Pazar günkü iğrenç saldırı kim tarafından gerçekleştirilmiş olursa olsun, gerici amaçlara hizmet etmektedir. Saldırı, ülkenin daha fazla askerileştirilmesini, Pakistan’ın ABD’nin komşu Afganistan’daki yeni-sömürgeci işgaline desteğini arttırmasını ve Pakistan ordusunun yetkilerini genişletmeyi meşrulaştırmak için kullanılacaktır. Ülkenin silahlı kuvvetleri devasa ekonomik ve siyasi güce hükmetmektedir ve ülkeyi, Washington’ın desteğiyle on yıllarca -en son 1999-2008 arasında General Pervez Müşerref’in yönetimi altında- yönetmiştir.

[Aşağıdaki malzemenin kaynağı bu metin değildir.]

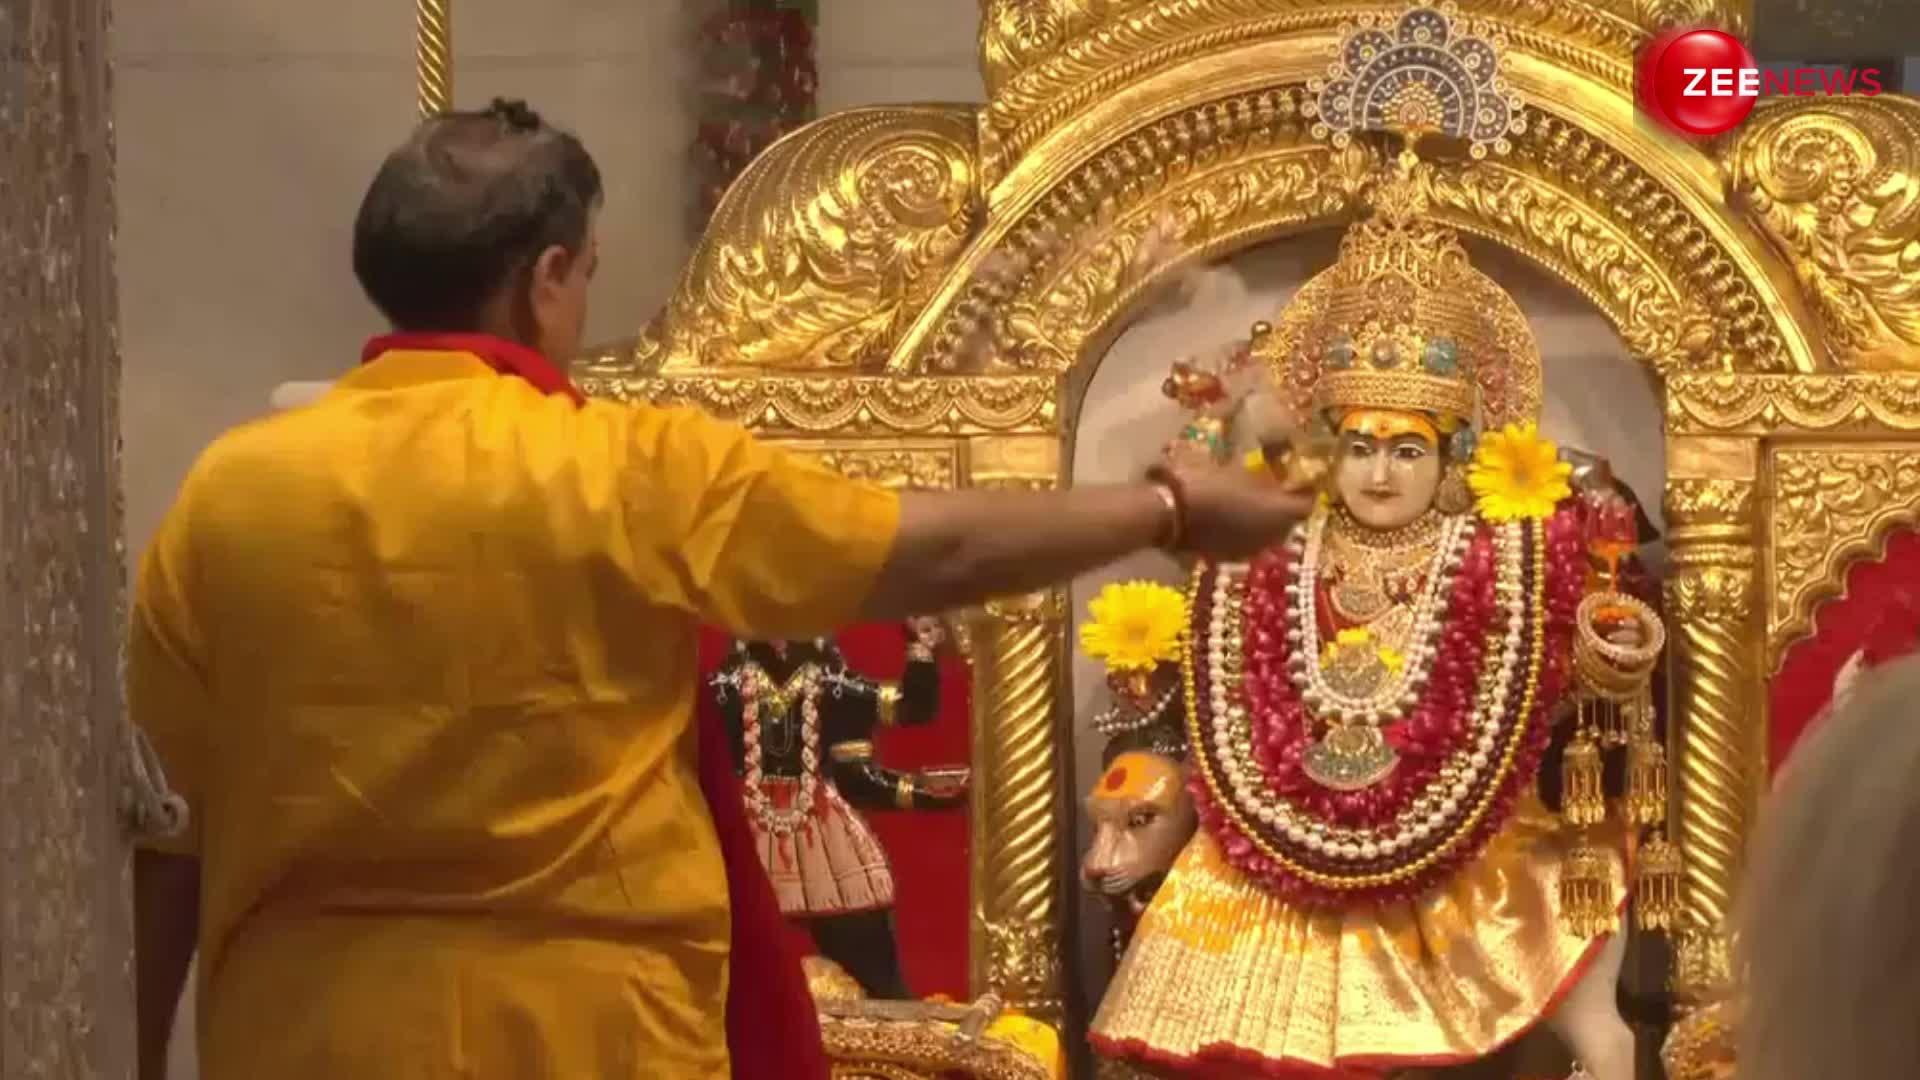 Chaitra Navratri: झंडेवालान मंदिर में नवरात्रि के तीसरे दिन हुई मंत्रमुग्ध कर देने वाली आरती, श्रद्धालुओं की उमड़ी भीड़

TTP’nin Peşaver’deki ordu destekli bir okula yönelik 133 çocuğu katleden Aralık 2014’teki saldırısı, mevcut Pakistan Müslüman Birliği (PML-N) hükümeti tarafından siyaset kurumunun desteğiyle hızla kendi çıkarına kullanılmıştı. PML-N hükümeti, sivilleri gizli duruşmalarda yargılayabilen bir askeri mahkeme sisteminin yeniden kurulması dahil genişletilmiş “terörle mücadele” yasaları kapsamında orduya olağanüstü yetkiler vermişti. Ordu, “suç”a ve “terörizm”e son verme kılıfı altında Karaçi’deki varlığını derhal arttırmıştı.

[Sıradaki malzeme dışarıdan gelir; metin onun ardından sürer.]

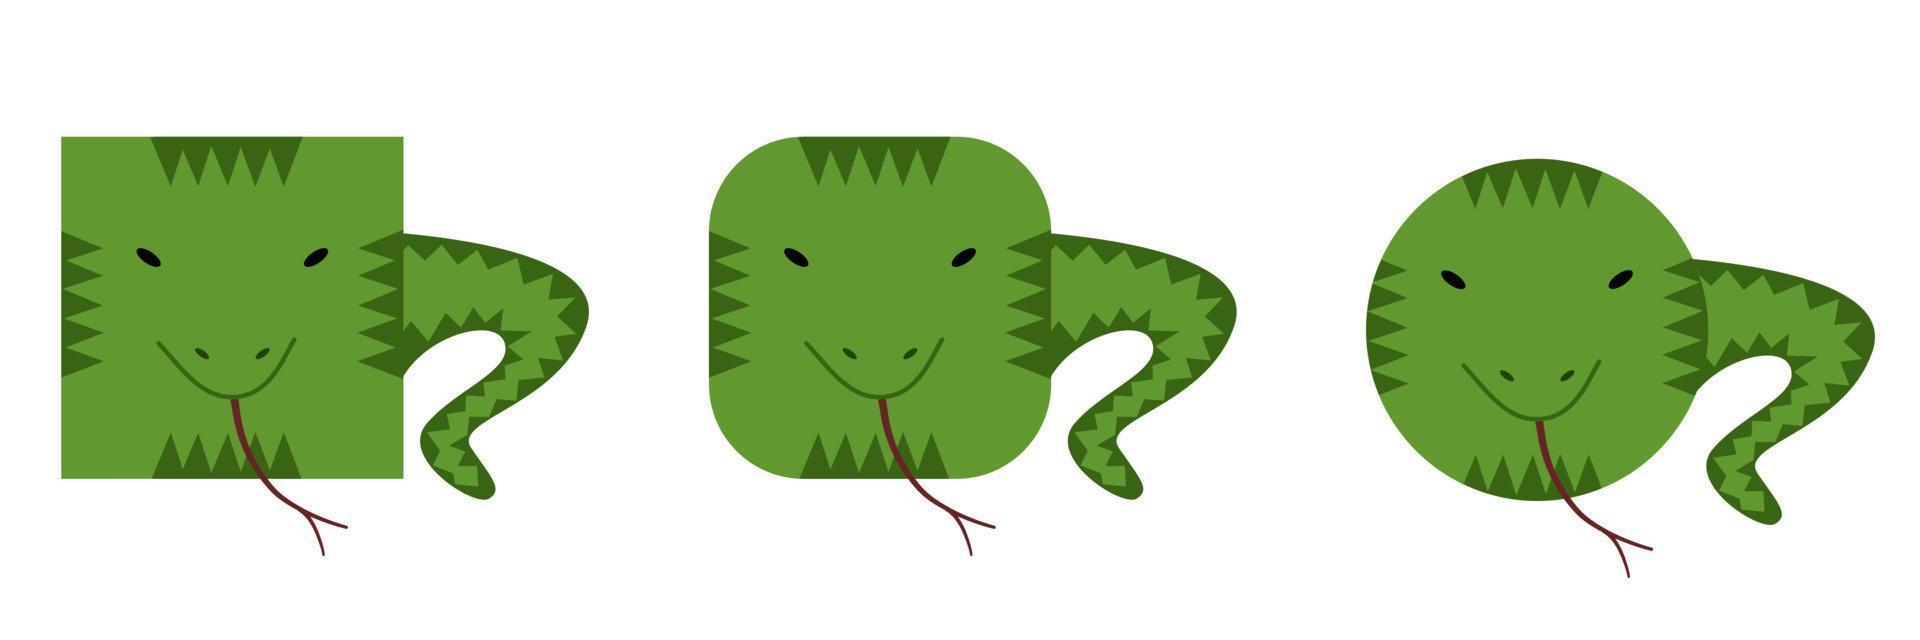 en uppsättning djur av fyrkantig och rund form. vektor illustration av en orm
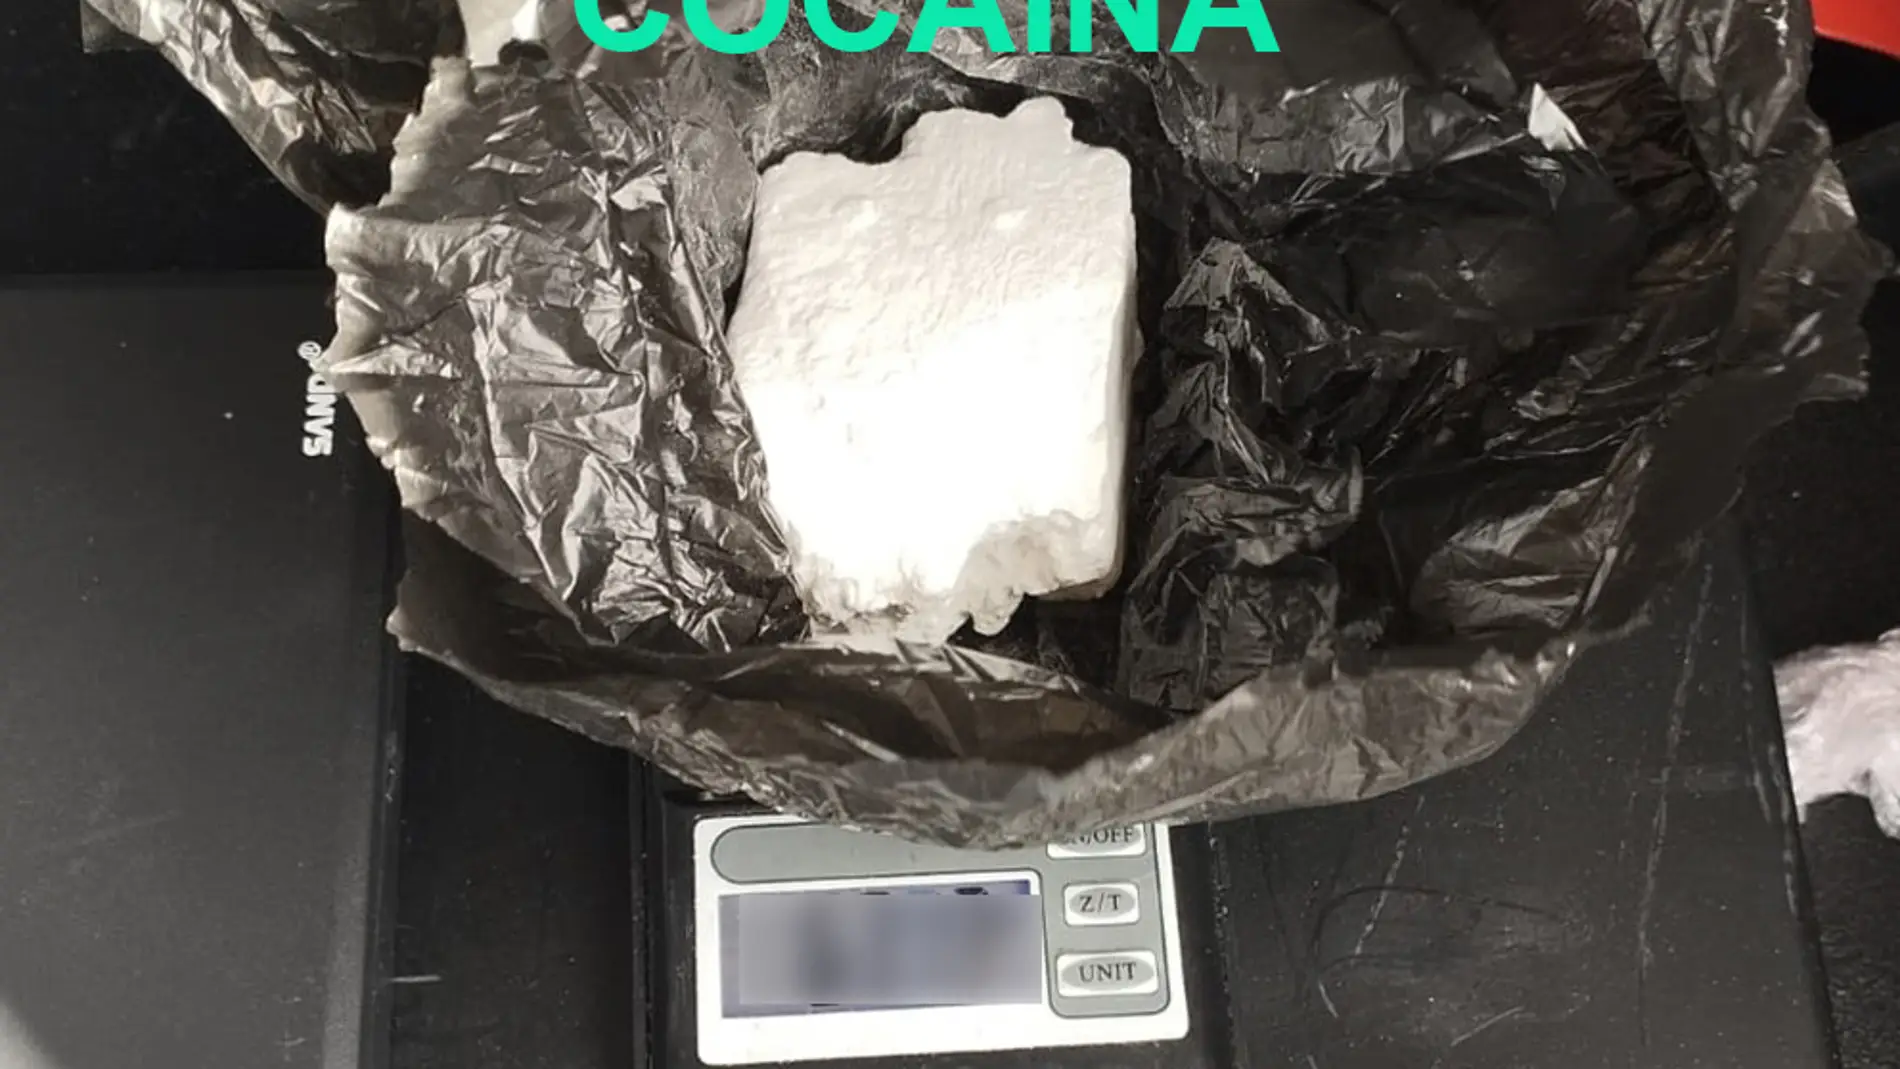 Detenida una persona por un delito contra la salud pública: intervenidas 660 dosis de cocaína

Hükümet, 2014 saldırısının ardından, birçok asarak idam etmeyi beraberinde getirecek şekilde, 2008’de uygulamaya konan infaz ertelemeyi de kaldırdı. Reuters’ın haberine göre, infaz edilen 351 kişiden yalnızca 39’u “bilinen saldırgan bir grupla ilişkili veya saldırganlıkla bağlantılı suçlardan hükümlü insanları kapsıyordu.” Pakistan, 2015’te, dünyada en fazla idam gerçekleştiren üçüncü ülkeydi.
Pakistan hükümeti gibi, ABD de, Pazar günkü bombalı terör saldırısını “şiddetle” kınadı. ABD Dışişleri Bakanlığı sözcüsü John Kirby, “Bu tür saldırılar, yalnızca, dünya çapında terörizmi yenilgiye uğratma yönündeki ortak kararlılığımızı derinleştirmektedir.” dedi. Beyaz Saray Ulusal Güvenlik Konseyi sözcüsü Ned Price, ABD’nin, “terörizm belasının kökünü kazımak için” Pakistan’la birlikte çalışacağını söyledi.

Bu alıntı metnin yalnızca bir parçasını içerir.